Frank shrugged. “You want some dinner tonight?”

“Love it, but I might be a little late, after John calls at seven or seven-thirty. And I have to set up a meeting with the D.A. Maybe for Monday.”

“You going out to Maggie’s place tomorrow?” Frank asked.

She nodded. “I might stay over a night or two, walk out some kinks.”

 

She and Maggie talked in Maggie’s bed-sitting room. Maggie gazed out the windows at the ocean as Barbara recounted the meeting with the IRS. “Do you think they’ll accept that story?” she asked when Barbara finished.

“Hope so. No real reason for them not to.”

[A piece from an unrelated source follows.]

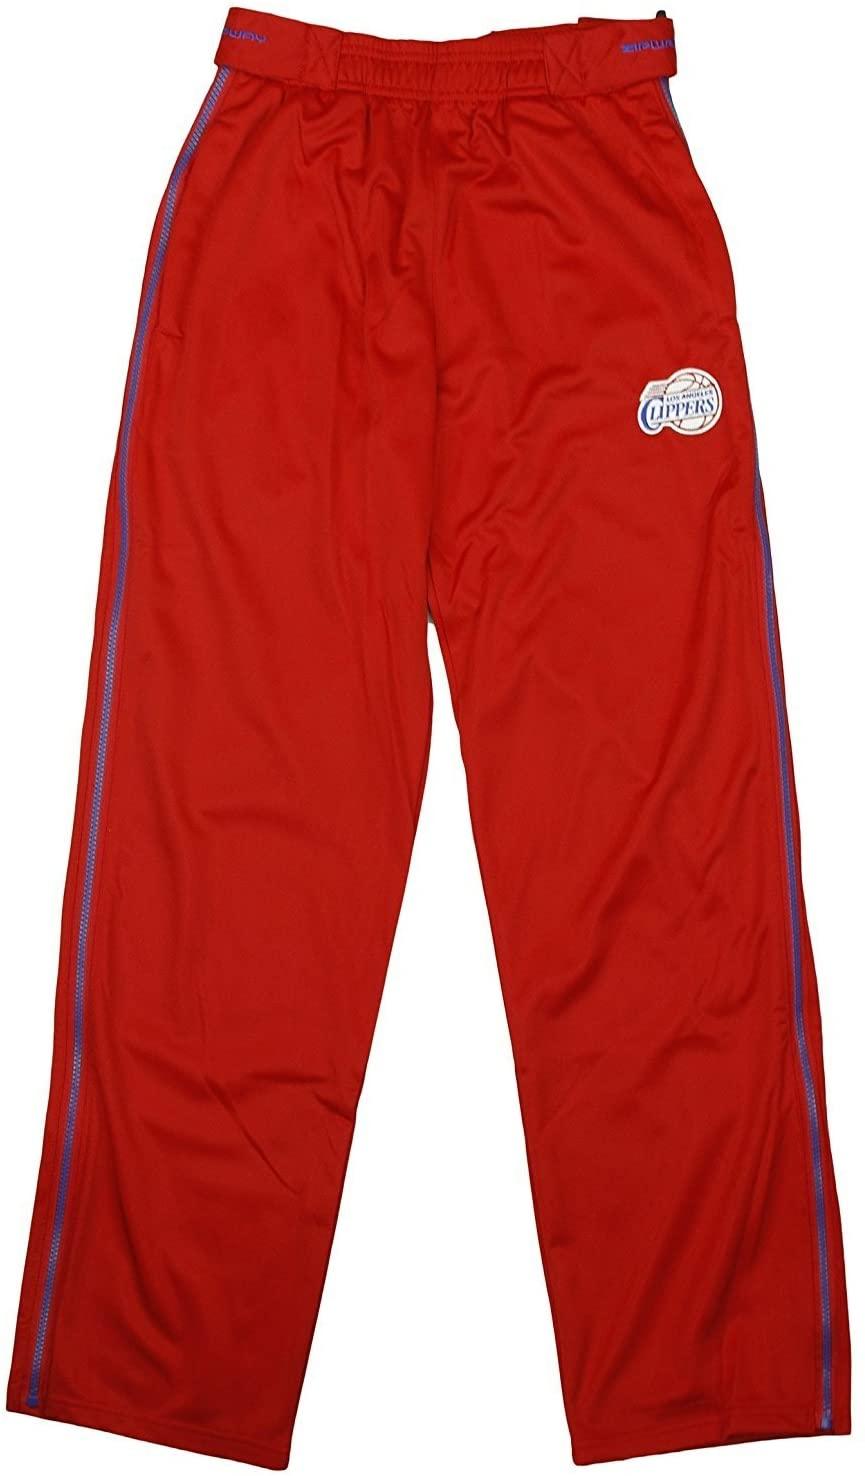 Zipway Los Angeles Clippers NBA Big Boys Tearaway Pants, Red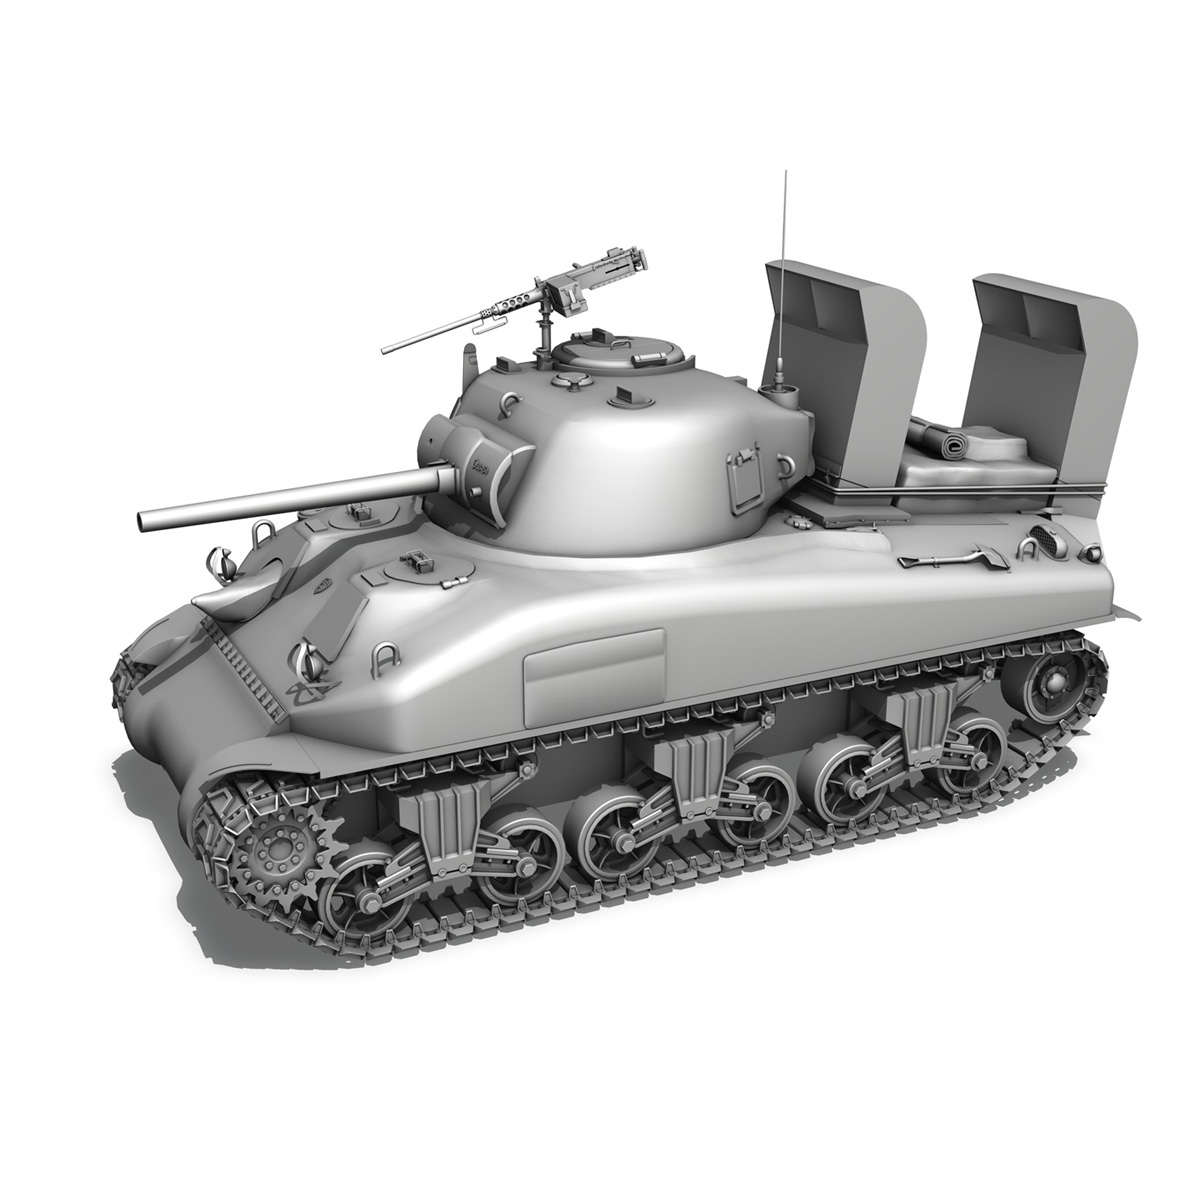 M4A1 Sherman - 16 3d model 3ds fbx c4d lwo lws lw obj 273060

Maggie turned to Barbara then. “Is it extortion or blackmail? You’re selling them the printouts, aren’t you?” She looked pinched and cold, and years older than she had before. “I’ve been thinking a lot about this and I’ve decided I can’t go along. I can’t start my kids out in life with dirty money. I’ve been tempted before; there are opportunities for a single woman, as you probably know, but never quite so much money.” She laughed, a bitter, harsh sound. “I dreamed about what all we could do with so much money, what it would mean, then I’d wake up and wonder how I could explain it if they ever ask hard questions. Give the printouts to their owner, get rid of the money. I don’t care what you do with it.” She stood up and crossed her arms over her breasts. “Just don’t keep tempting me with it.”

Startled, Barbara shook her head. “I want you to believe me when I say this. I’m not doing anything I’m ashamed of or that would shame you.” Maggie was like a statue, remote and unreachable. “Sit down, Maggie. It’s an ugly story, and you have to promise me that you won’t reveal it to anyone now, possibly never.”